(Information provided begins)

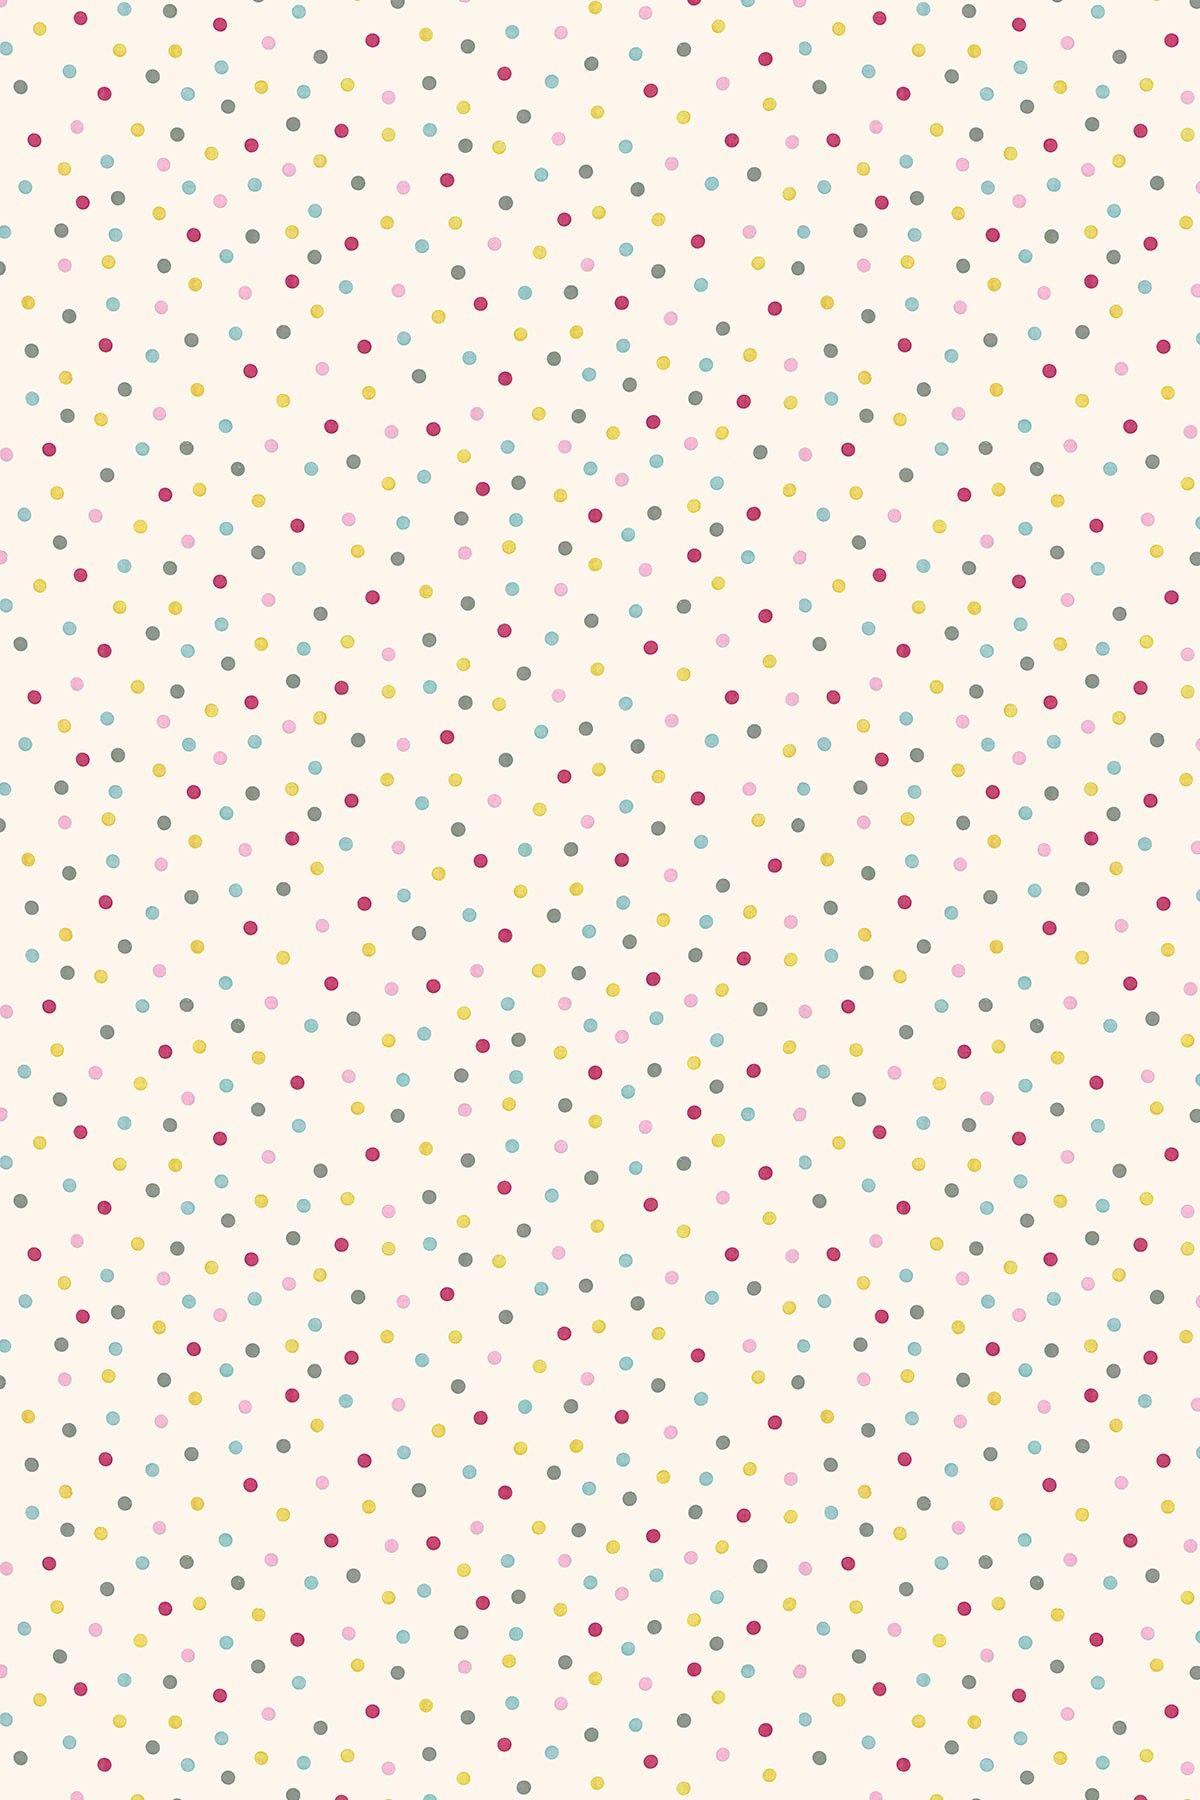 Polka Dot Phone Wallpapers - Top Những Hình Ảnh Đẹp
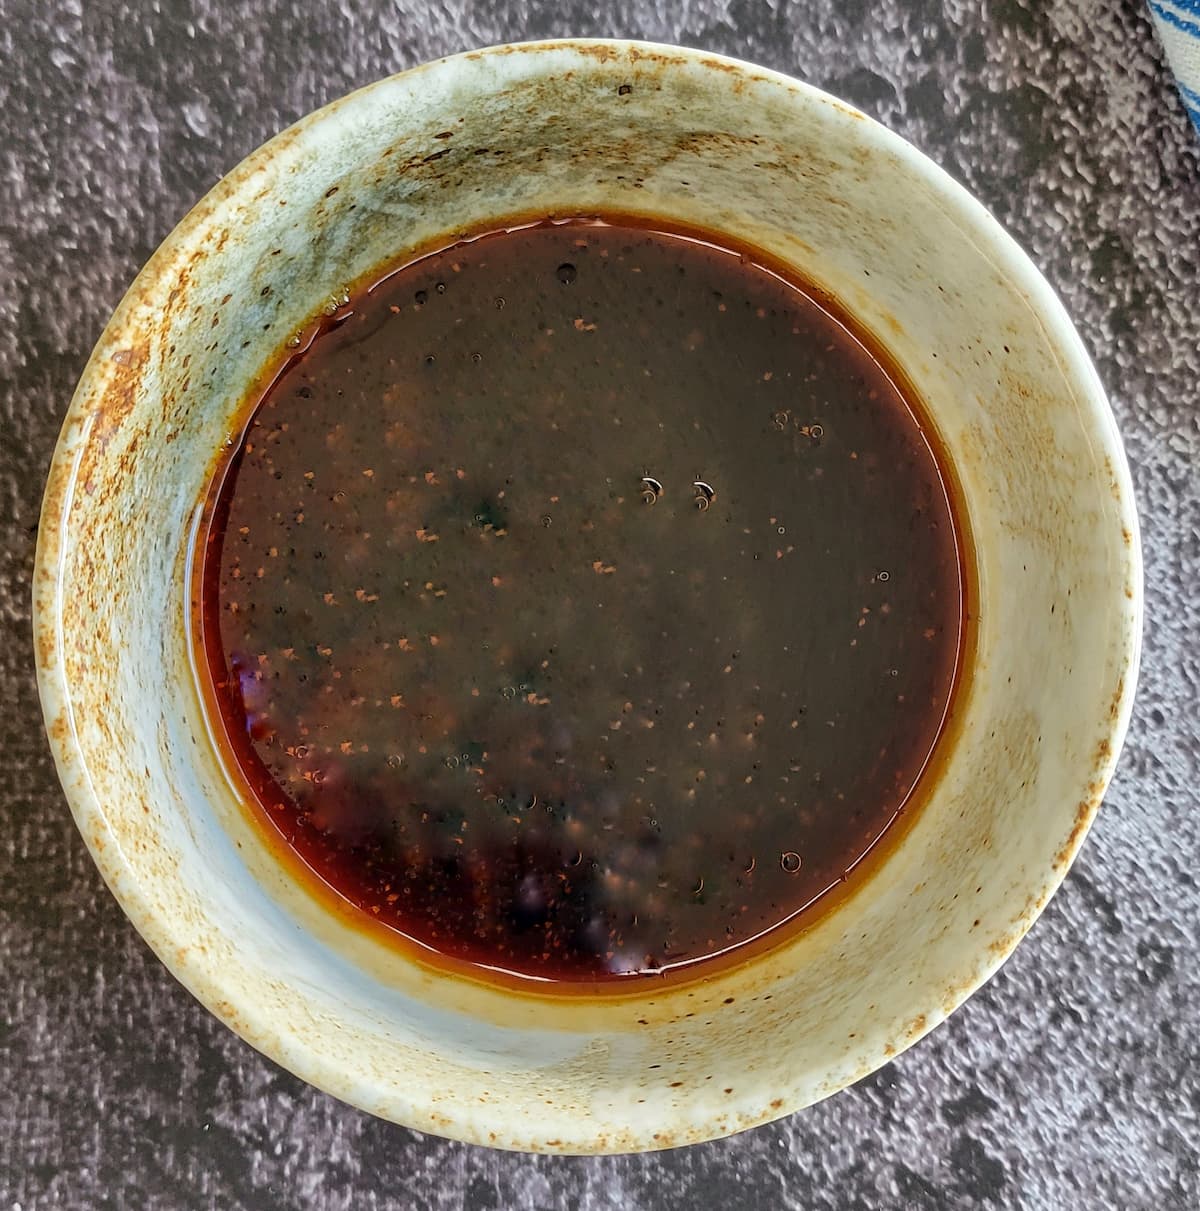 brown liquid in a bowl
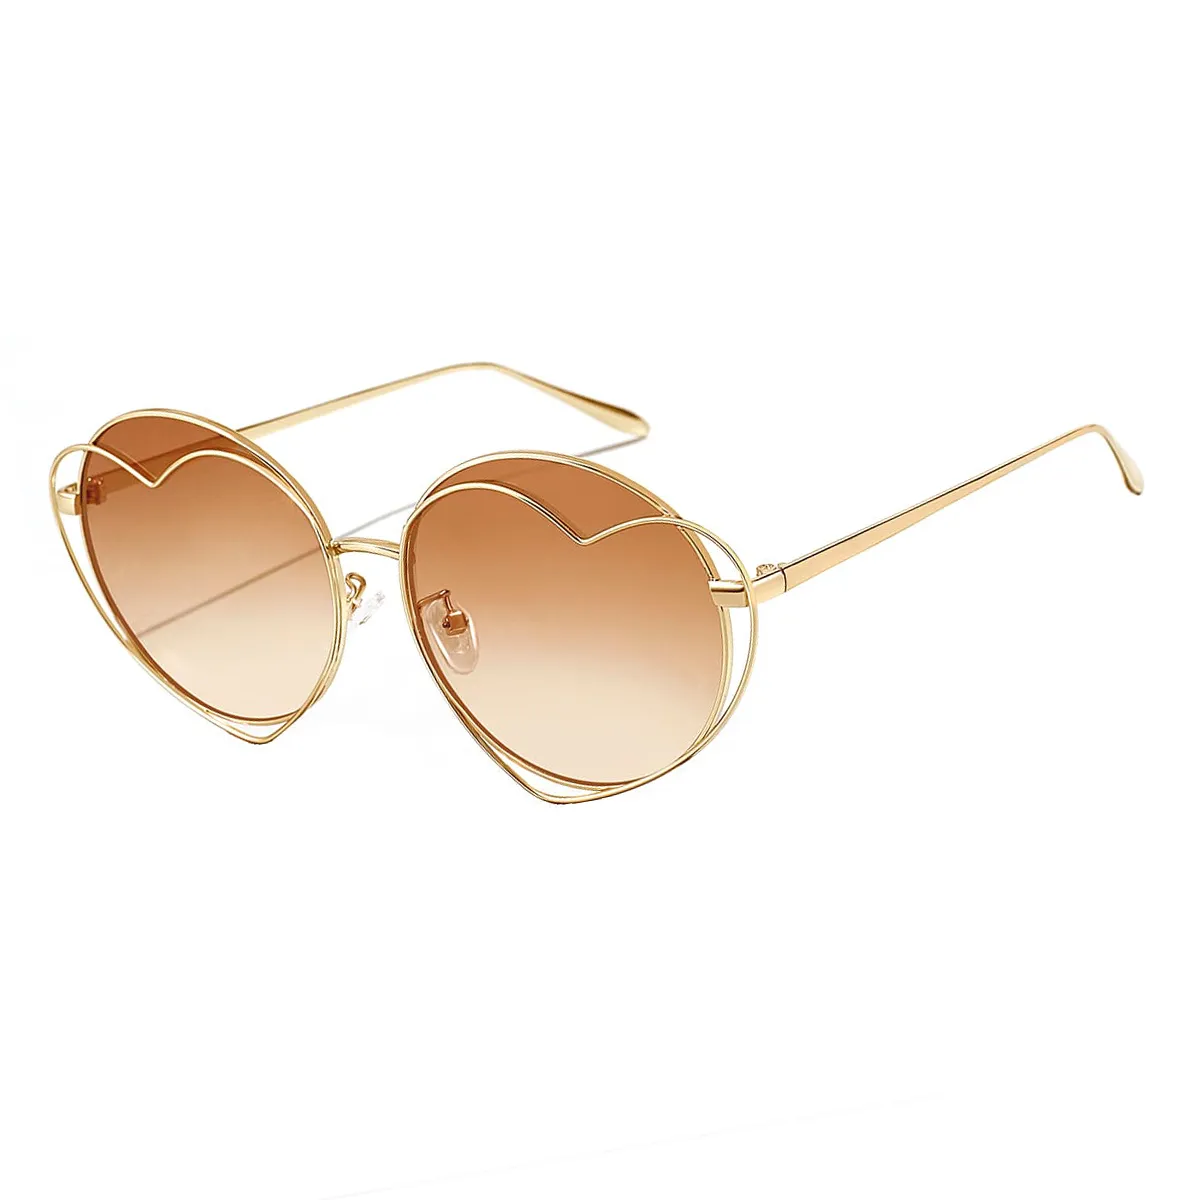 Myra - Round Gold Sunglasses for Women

(Information provided ends)

If you see a picture in the listing, skip it while copying everything else exactly.

 Polka Dot Phone Wallpapers - Top Những Hình Ảnh Đẹp
 brown liquid in a bowl
 Myra - Round Gold Sunglasses for Women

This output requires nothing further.